Popularne sporty
Wszystkie sporty
Pokaż wszystko

Skoki narciarskie Niżny Tagił 2021: wyniki na żywo i relacja live - Niedzielny konkurs Pucharu Świata

Emil Riisberg

21/11/2021, 12:38 GMT+1

Skoki narciarskie w Niżnym Tagile. Halvor Egner Granerud wygrał drugi konkurs nowego sezonu Pucharu Świata. Tym razem najlepszy z Polaków był Piotr Żyła, który zajął 16. miejsce. Transmisję z zawodów można było oglądać w TVN, Eurosporcie 1 oraz Playerze. Relacja na żywo w serwisie eurosport.pl.

Foto: Eurosport

Tak latał dzisiejszy zwycięzca. Kolejne emocje już za tydzień w fińskiej Ruce.
Nas cieszyć może duży awans Żyły, który zamienił 24. miejsce na 16. Stękała skończył dziś 30.
Zrobił to! 122 m, co w zupełności wystarcza, Granerud wygrywa konkurs przed Geigerem i Kraftem. Niemiec pozostaje natomiast liderem PŚ!
Hoerl zupełnie nie dał rady, nie wytrzymał. 104,5 m i spadek bardzo, bardzo daleko. Na 23. miejsce. Kraft też pewny podium. Został tylko Granerud.
Co lider, to lider! Geiger miał trudne warunki, ale skoczył 122,5 m i jest pierwszy! Ma już pewne podium!
Huber zupełnie zawalił. 115,5 m i dopiero 9. miejsce. Teraz lider PŚ Geiger.
Cene Prevc skoczył 124 m, ale mocno wiało mu pod narty. Teraz to on jest trzeci. Kraft wciąż prowadzi, ależ awans... z 14. miejsca.
Bardzo dobry skok Peiera. Szwajcar w dobry stylu uzyskał 122 m, co daje mu trzecie miejsce. Świetny wynik tego zawodnika. A Kraft już co najmniej szósty.
118,5 m Eisenbichlera i mocnego na Krafta wciąż nie ma. Niemiec jest czwarty.
117,5 m Sato i Japończyk wypada z czołówki.
Zajc powtórzył odległość rodaka i teraz to on jest drugi.
122 m Laniska daje mu drugie miejsce, niespełna pięć punktów za Kraftem. Austriak jest już pewny miejsca w czołowej dziesiątce.
Została już tylko dziesiątka. Prowadzi, bardzo wyraźnie, Kraft, a Żyła jest siódmy.
Nakamura (112 m) także słabo. Żyła znów do góry.
Słabiutki skok Tande.
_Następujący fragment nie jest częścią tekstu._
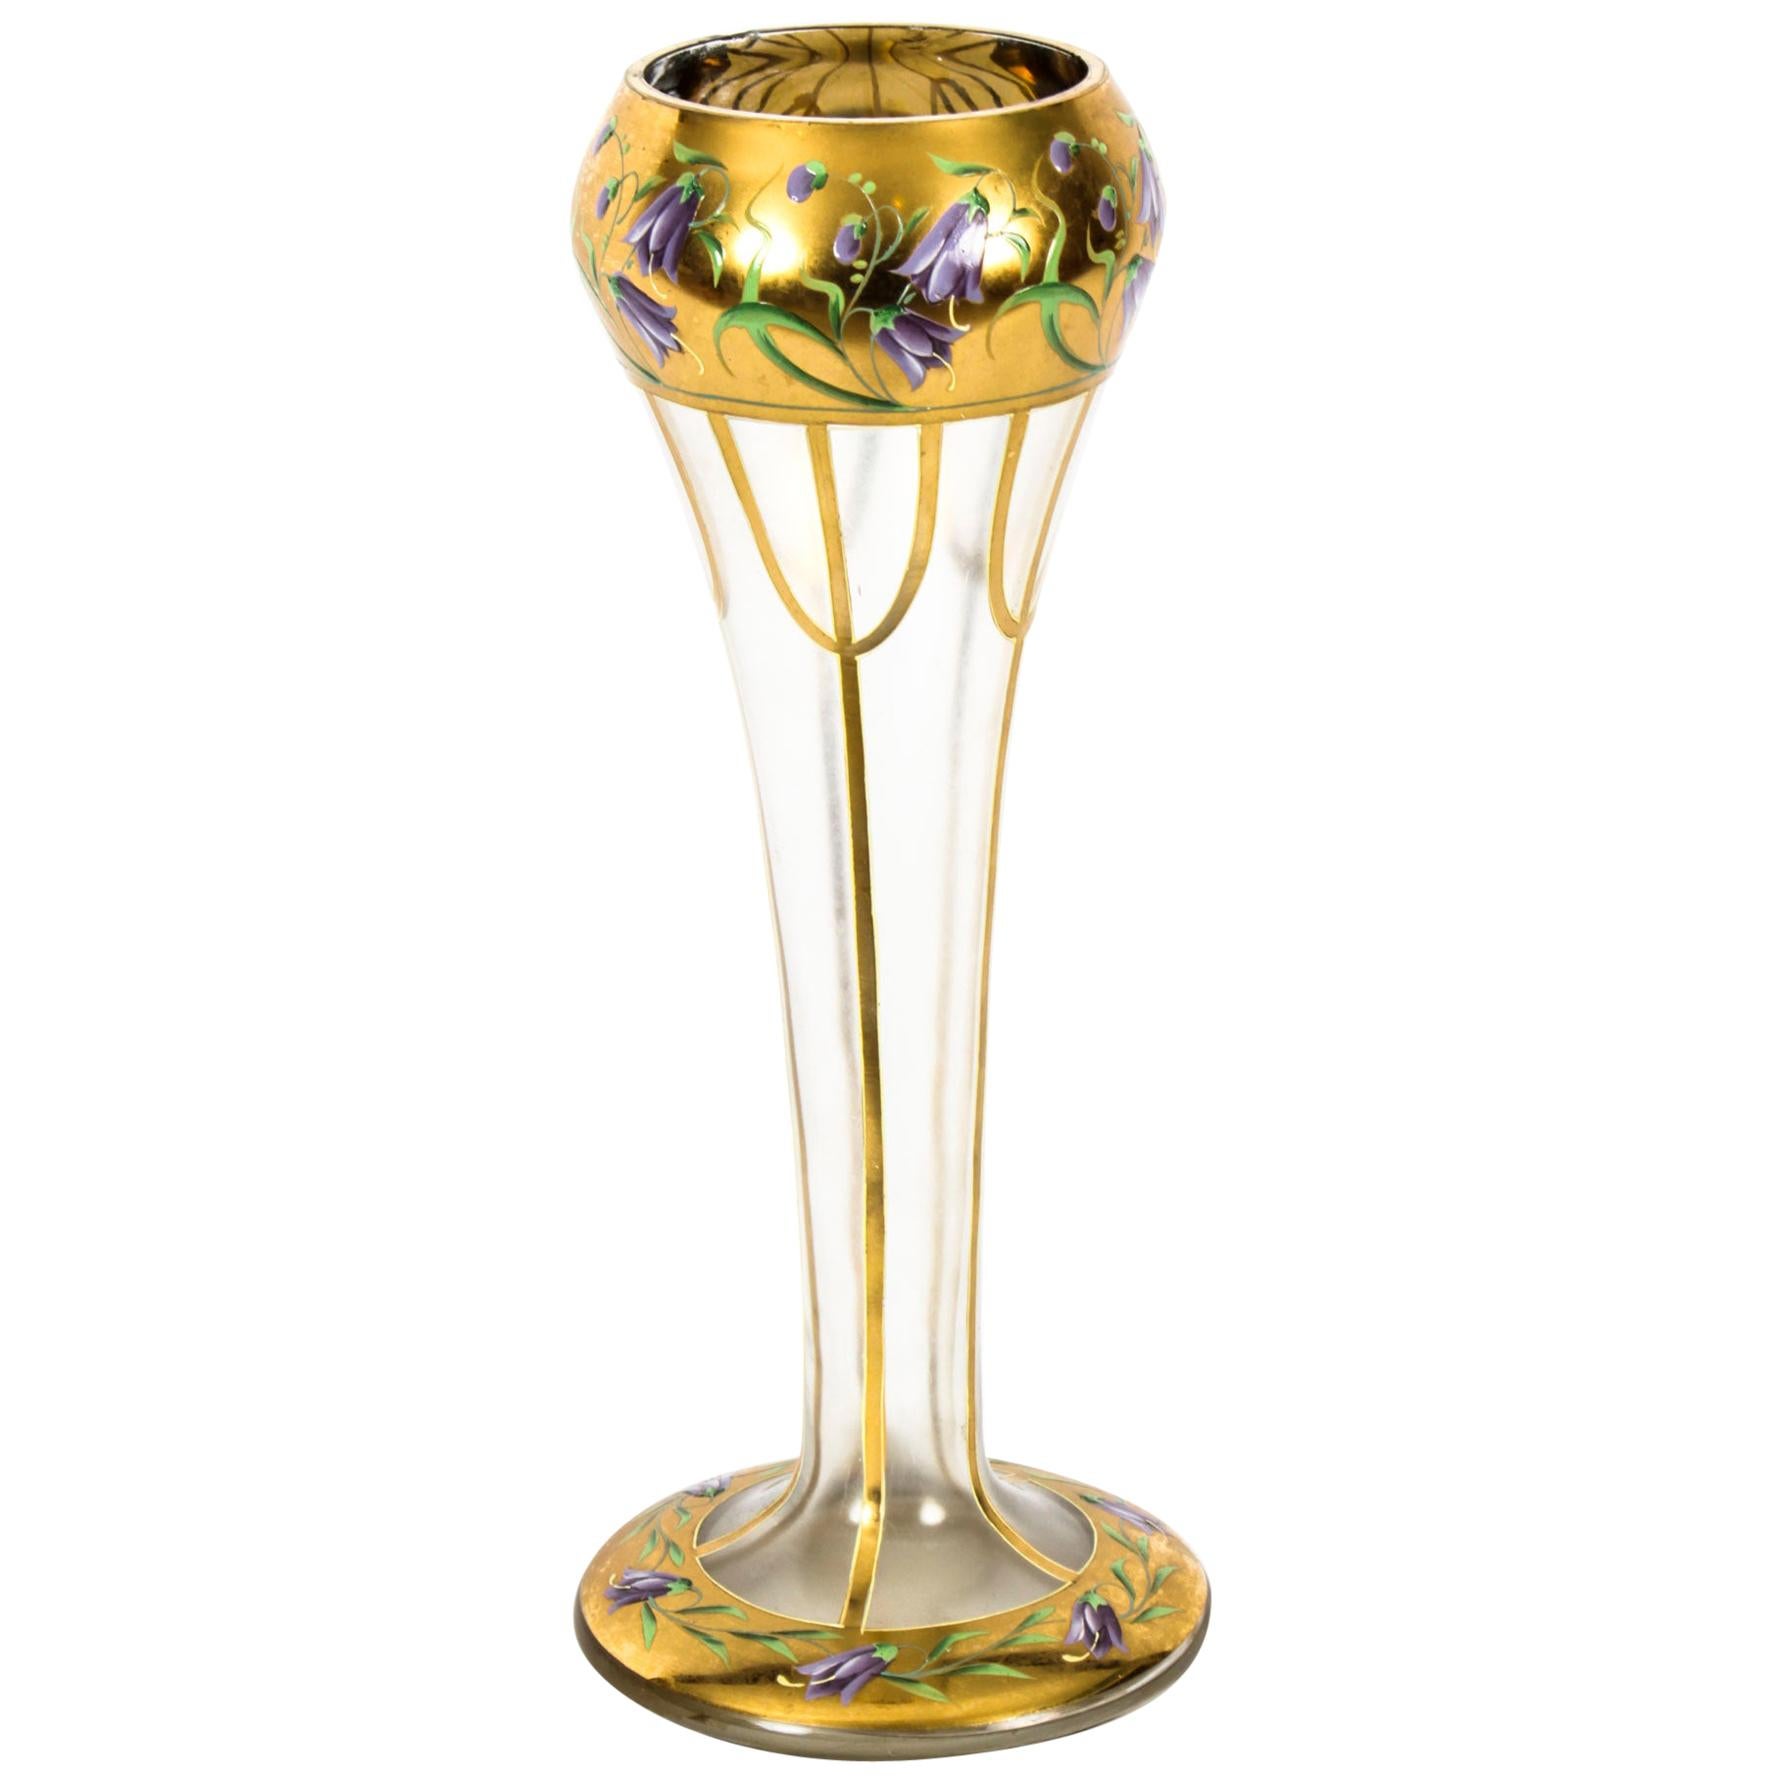 Antique French Art Nouveau Enameled Glass Vase, 19th Century

Norweg wylosował fatalne warunki i 111 m spycha go na 13. aktualne miejsce. Żyła już co najmniej na 18. miejscu na zakończenie.
121,5 m Forfanga daje mu drugie miejsce. Ale jego strata jest ogromna, aż 9,8 pkt.
Piękny skok Krafta! 127 m i prowadzenie. No, no... obudził nam się mistrz świata.
113 m Trofimowa i Żyła wciąż jest piąty. Piotrek może być już pewien awansu do drugiej dziesiątki.
Warunki wydają się teraz trudniejsze, ale Johansson sobie poradził - 123,5 m. Jest drugi, 0,1 pkt za Leyhe.
A Żyła pnie się dalej. Tym razem przysługę zrobił mu Villumstad (113,5 m).
Tak wyglądały finałowe skoki Polaków.
I jeszcze jedno po skoku na 117 m Wellingera.
Tylko 115,5 m Aschenwalda, więc Żyła przesuwa się o jeszcze jedno oczko do góry.
Bardzo dobry skok Leyhe. Aż 127 m i Niemiec zmienia swojego rodaka na prowadzeniu. Za nami 10 skoczków serii finałowej. Żyła jest trzeci, Stękała 10.
Słuchamy rozczarowanego dziś Kubackiego.
Ammann (112 m) Żyły nie wyprzedzi, więc Polak na pewno nie będzie niżej niż na 24. miejscu.
Wreszcie są w miarę dobre wieści! 122 m i Piotrek jest drugi, za Paschke.
123 m Paschke. Niemiec jest nowym liderem i może po cichu myśleć o awansie. Teraz Żyła.
Nie jest to dobry dzień dla Polaków... 108,5 m. Jest czwarty, ostatni w serii finałowej i może to się skończyć miejscem 30. i jednym punktem.
Teraz najlepszy jest Ito (120,5 m) i liczymy na kolejną zmianę już za chwilę, bo do skoku szykuje się Stękała.
Na prowadzenie wskoczył Fettner (113 m).
Pierwsza odległość - 110,5 m. Jej autorem Schmid.
Zaczynamy serię finałową. Ponownie z szóstej platformy startowej.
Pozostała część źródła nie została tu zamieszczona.